Exercise description:
Using the data below, restate exactly every line from the one with "Fraulein, alias : Fräulein, USA" up to and including the one with "dango dumpling Japanese". No picture belongs in it.

Provided data:
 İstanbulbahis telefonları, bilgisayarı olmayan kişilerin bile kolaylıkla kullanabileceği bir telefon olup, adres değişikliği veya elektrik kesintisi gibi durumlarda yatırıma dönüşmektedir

* * *

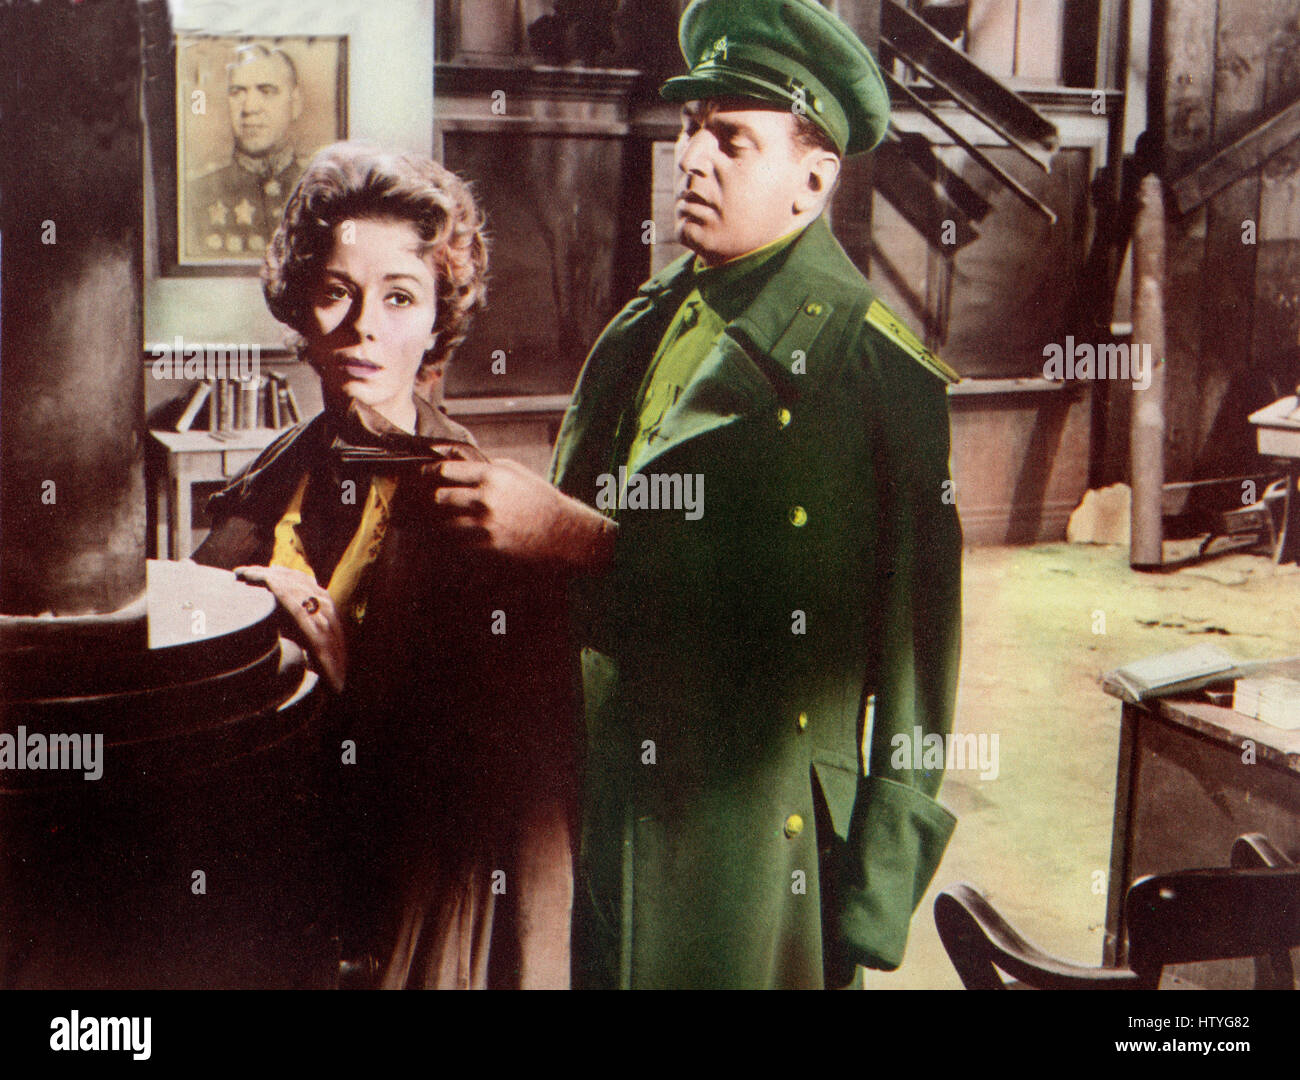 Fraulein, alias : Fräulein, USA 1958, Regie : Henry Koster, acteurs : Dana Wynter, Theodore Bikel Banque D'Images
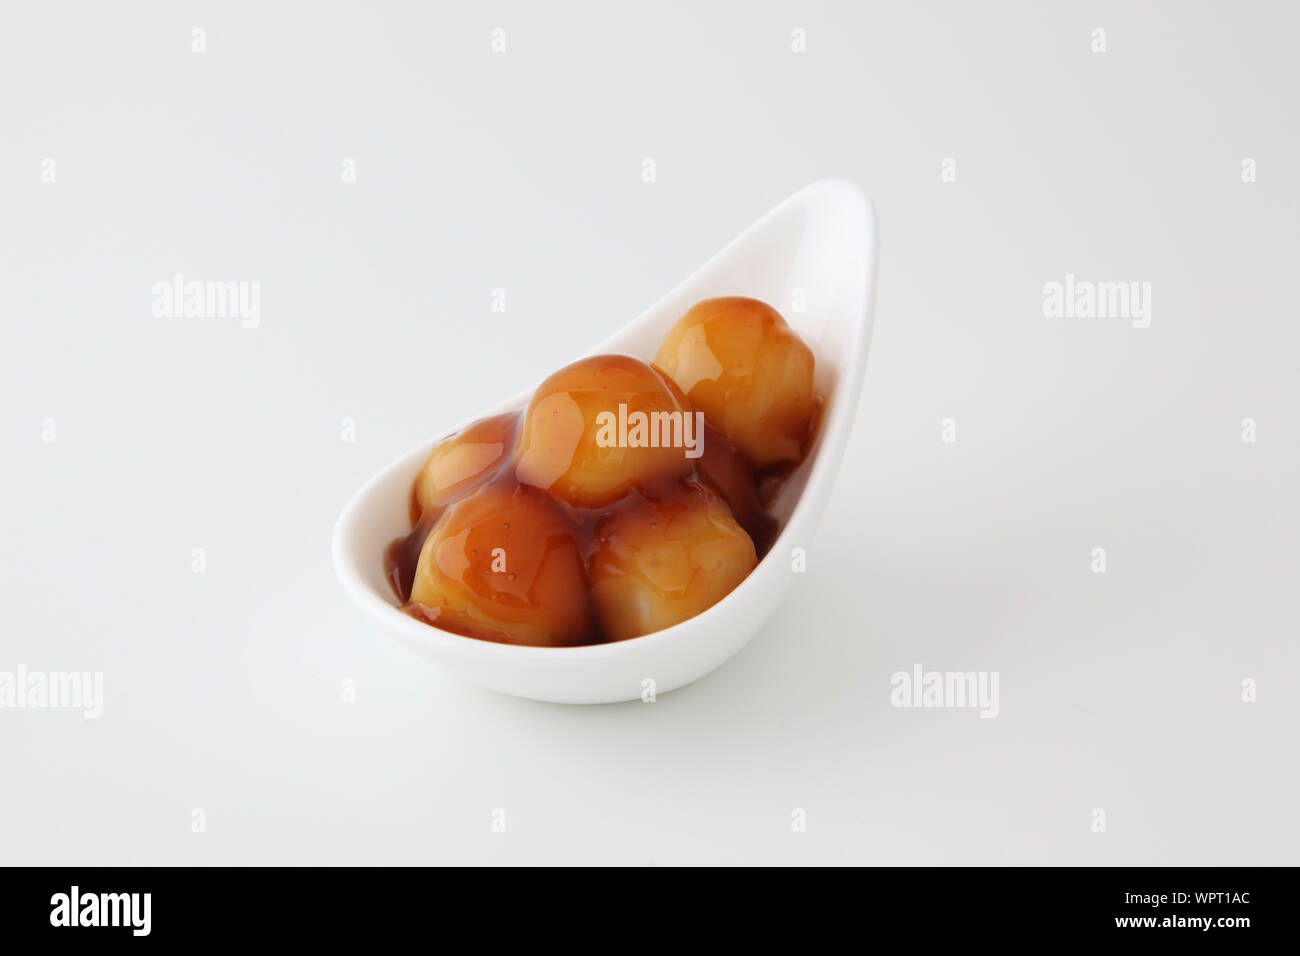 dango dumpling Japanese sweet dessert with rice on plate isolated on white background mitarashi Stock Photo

Answer below:
 Fraulein, alias : Fräulein, USA 1958, Regie : Henry Koster, acteurs : Dana Wynter, Theodore Bikel Banque D'Images
 dango dumpling Japanese sweet dessert with rice on plate isolated on white background mitarashi Stock Photo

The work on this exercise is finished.